The nationwide measure was originally announced by trade unions as traditionally the first Saturday in December to protest against increasing insecurity. However, the march was joined by police organizations that criticized police violence and the amendment to the National Security Law for several weeks. The latter had already brought masses to the streets last Saturday. In Paris, attempts were also made to disrupt the parade by anarchist protesters last Saturday, with 98 police officers injured in the clashes.

Following the series of protests last weekend, the majority of the French government indicated that it would rewrite and submit to another parliamentary debate an article of the national security bill that regulates the publication of photographs and recordings of members of the police in the course of your work.

According to the government, the move is aimed at protecting police officers from hate speech on social media, examples of which were particularly evident during the yellow vest demonstrations last year. Although the regulation states that only disclosure in bad faith is punishable, critics say the amendment restricts freedom of the media and information about possible police abuses.

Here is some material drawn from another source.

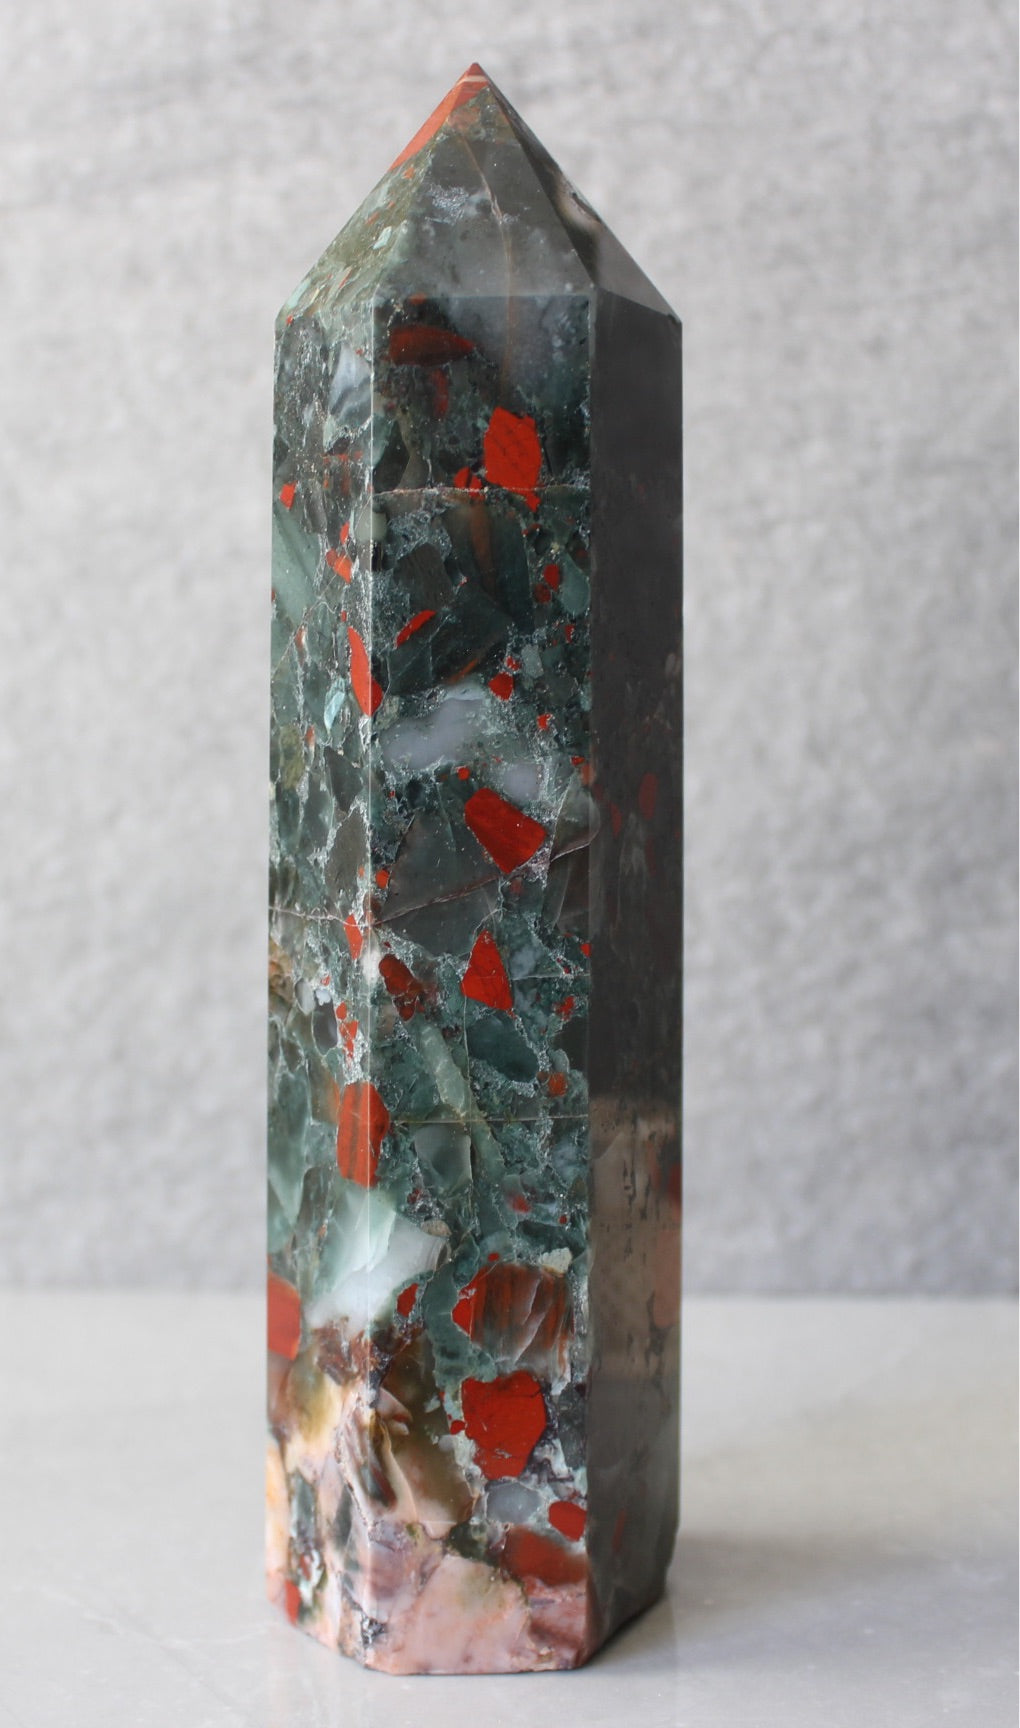 Large African Bloodstone Tower | African Bloodstone Point Tons of Soul
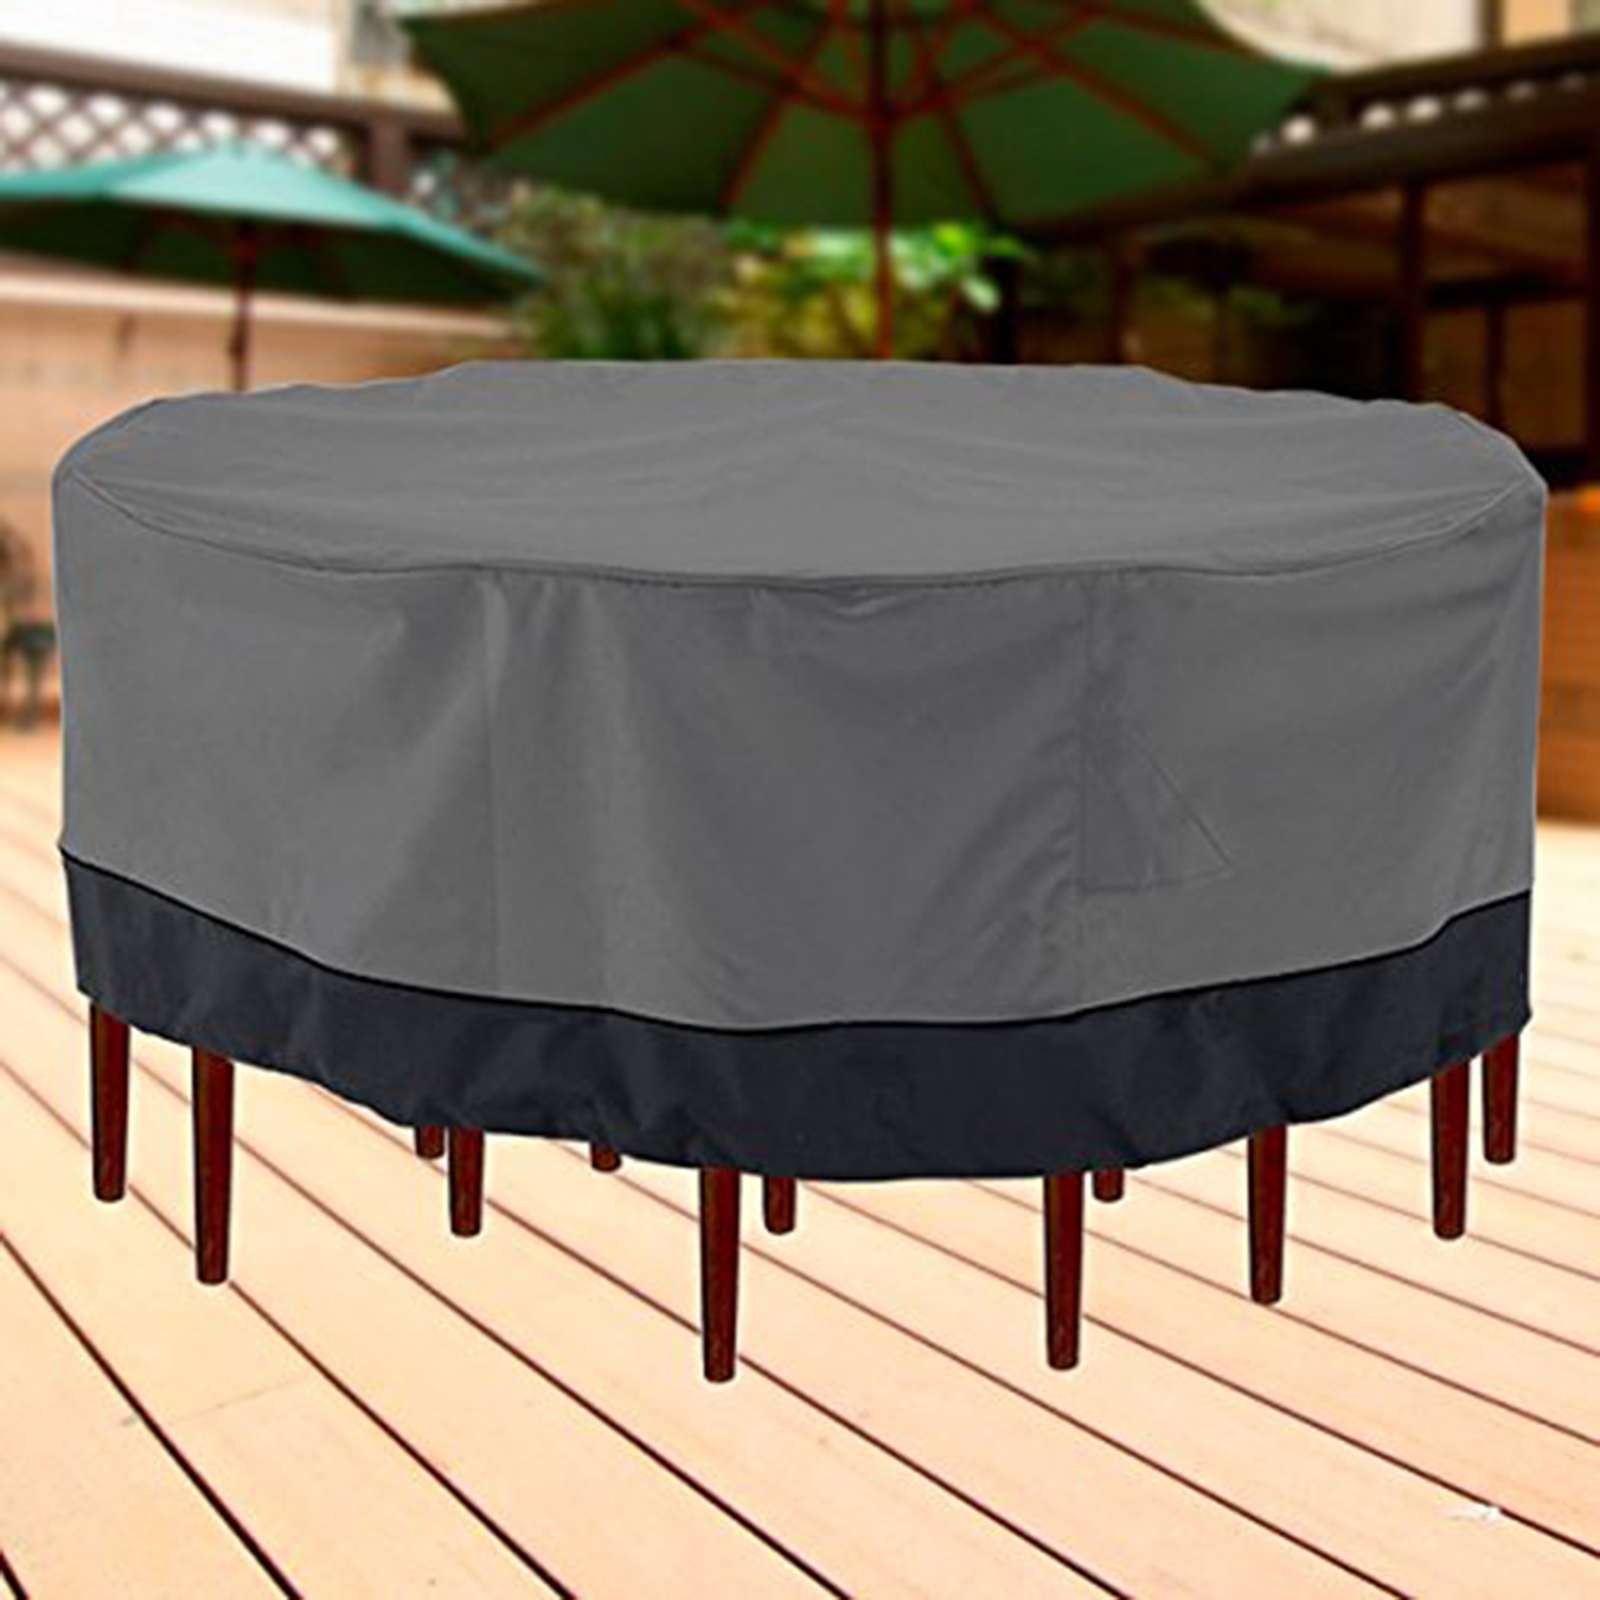 NEH® Outdoor Patio Furniture Table and Chairs Dark Gray ...

An example of the latter was the high-profile recording ten days ago, in which a black-skinned music producer, Michel Zecler, was kicked and beaten by police at the entrance to his studio. The prosecution opened an investigation against him on Monday for suspicion of intentional violence by an official and falsification of police records based on the recording of the surveillance cameras of the study.

French President Emmanuel Macron on Friday dismissed allegations that government measures are reducing freedoms in France.

I will not say that freedoms in France are diminishing, said the president on Friday in a live interview on the Brut internet portal, aimed mainly at young people, in which he rejected the accusation of anti-liberalism with the slogan “we are not Hungary.” According to him, France is painted in a caricature of the current debate. However, the head of state acknowledged the existence of police violence, which he clearly condemned. But he also condemned that police violence “has become a slogan for people with political intentions.” He stressed that violence against police officers, perpetrated by “completely savage” people, must also be condemned.

Police unions on Saturday expressed outrage that Emmanuel Macron had indicated that the state would launch a website in January where anyone could report if they suffered any discrimination. The president says that the fact that someone’s skin is not white is much more justified, identified as a problem factor and is unsustainable. Police unions have asked their colleagues not to justify anyone in their protest from now on.